The name "modulo theories" alludes to these solvers still answering the question of satisfiability, but with the addition of (for example) the theory of "bitvectors", which model machine integers (vectors of bits).
The main theories supported by SMT solvers that we'll talk about today:
- Bitvectors (machine integers)
- Real numbers
- Integers
And some more we'll see some of later:
4. Uninterpreted functions
6. Floating pointers
7. Arrays
8. Strings
9. Data types
Difference: design vs implementation
A core difference from Alloy is whether we are modeling based on a separate design specification, or based on the implementation itself.
To use Alloy, an engineer needs to write a new model of their design in the Alloy Analyzer. This is an example of design-level modeling.
SMT solvers use a more flexibly, lower-level format. You can think of this like an assembly code for modeling tools: it's more flexible in how different tools build on top of it.
Many SMT tools work on the implementation of a system itself, rather than a separate design specification (though you could make any choice as a modeler).
Example
For example of an application, consider this program in C, which tries to check the bounds of two variables and their sum:
#define MAX 16
void check_bounds(int a, int b) {
if (a < MAX) {
if (b < MAX) {
if (a + b > 2*MAX) {
printf("Error!\n");
exit(1);
}
}
}
}
Does this program ever crash with an error? If so, say when.
Think, then click!
Yes, this could hit the error!
C's int
type uses a two's complement signed representation. If both a
and b
are negative numbers, their sum can overflow to a position number that's greater than 32.
We can use an SMT solver to find a specific instance of this bug for us.
The Z3 solver
The most popular SMT solver is one put out by Microsoft, called the Z3 solver. Note that SMT solvers are also often "theorem provers"; more on this later. z3 won an award in 2015 for "developing a software system that has had a lasting influence, reflected in contributions to concepts, in commercial acceptance, or both".
z3 can be used as a library within Python (and Rust, but we'll stick to Python for today).
If you want to follow along in class today, install z3 with:
pip3 install z3-solver
And update to the latest with:
pip install z3-solver --upgrade
You can then use Z3 within a Python file:
from z3 import *
x = Int('x')
y = Int('y')
solve(x > 2, y < 10, x + 2*y == 7)
Continuing example: bitvector bounds
We can model our previous example in Z3 by using the theory of bitvectors.
First, we can model this directly in the SMT-LIB
format. This is a low-level format (you can think of it almost like an assembly code for verification and modeling tools). It uses a syntax with lots of parenthesis, like many functional programming languages (e.g., Lisp).
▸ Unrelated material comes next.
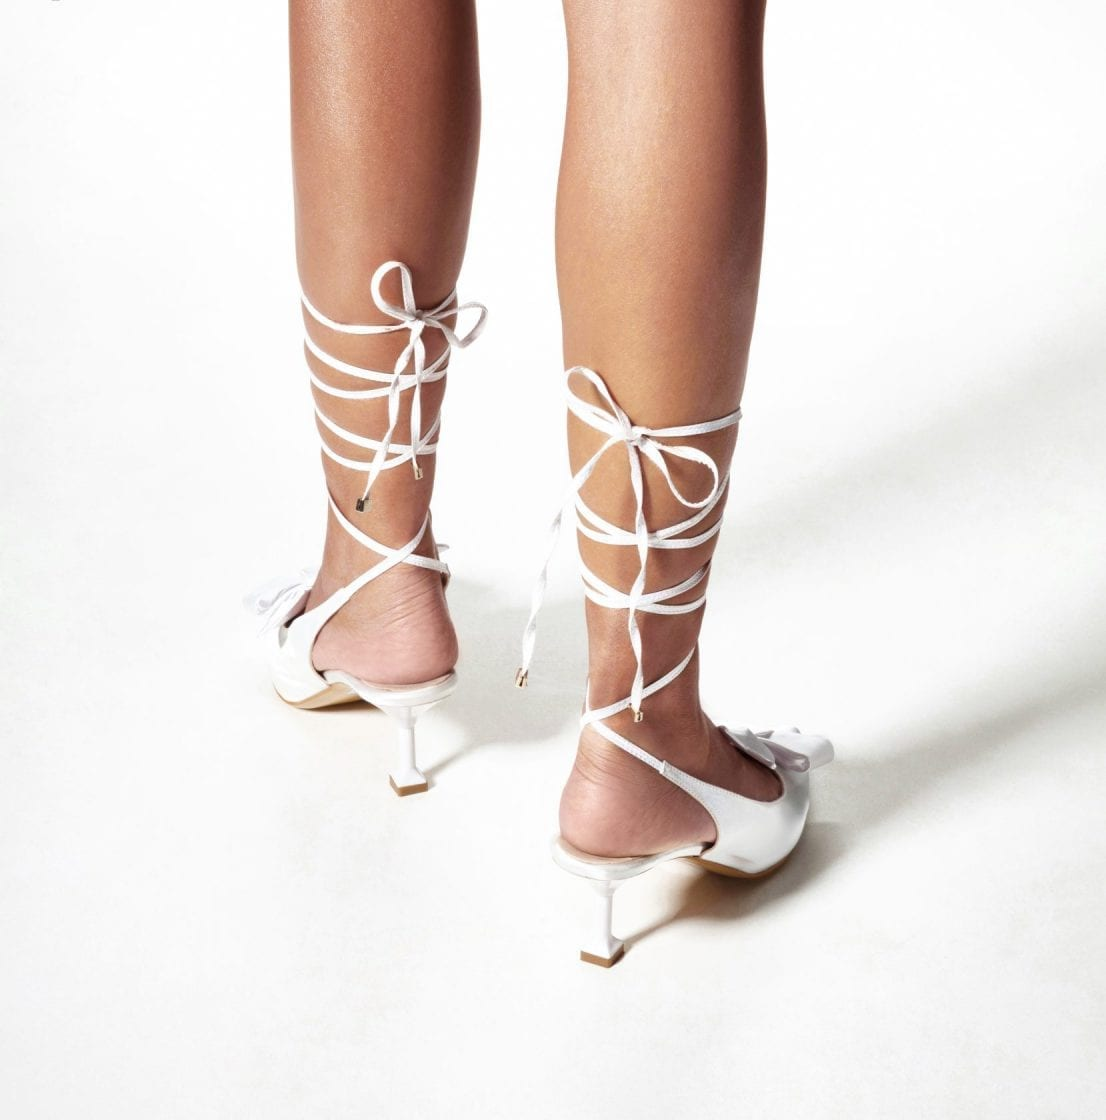 LEGS 9

We'll only briefly show this low-level SMT-LIB
format; after this, we'll instead work with SMT via libraries in Python or Rust.
(declare-const a (_ BitVec 32))
(declare-const b (_ BitVec 32))
(assert (bvslt a #x00000010))
(assert (bvslt b #x00000010))
(assert (bvsgt (bvadd a b) #x00000020))
(check-sat)
(get-model)
If we save this file as ex.smt
, we can run this as:
z3 ex.smt
Note, you may need to install z3
as a separate utility (e.g., brew install z3
) to run on this file; however, this is not necessary for the assignments in this class where we will use z3 as a library in Python or Rust.
Terminology note: In Alloy, we used the word model to describe the definitions and constraints you use to model a system. This is generally what the software-engineering community means by the word. The logic community, on the other hand, uses model to mean the same thing that we call an instance in Alloy or "assignment" in SAT latest homework: the assignment of values to variables that either satisfies or does not satisfy a set of constraints. Z3's "get model" uses the word "model" like a logician, not a software engineer, and it means the concrete assignment.
Python's z3 library
To make it easier to use z3 without writing code in the low-level format, the remaining examples will use Python's library for z3.
We can model our example now as this:
from z3 import *
s = Solver()
a = BitVec('a', 32)
b = BitVec('b', 32)
s.add(a < 0x00000010)
s.add(b < 0x00000010)
s.add(a + b > 0x00000020)
s.add(a == 0xffffffff)
print(s.check())
print(s.model())
print(hex(int(str(s.model().evaluate(b)))))
Eager vs lazy
SMT solvers can be "eager" or "lazy". An "eager" approach immediately translates all constraints to booleans, then asks a basic SAT solver to find the answer. The approach Alloy uses of modeling one boolean variable per bit to handle integers is called "bit-blasting", and is an example eager approach.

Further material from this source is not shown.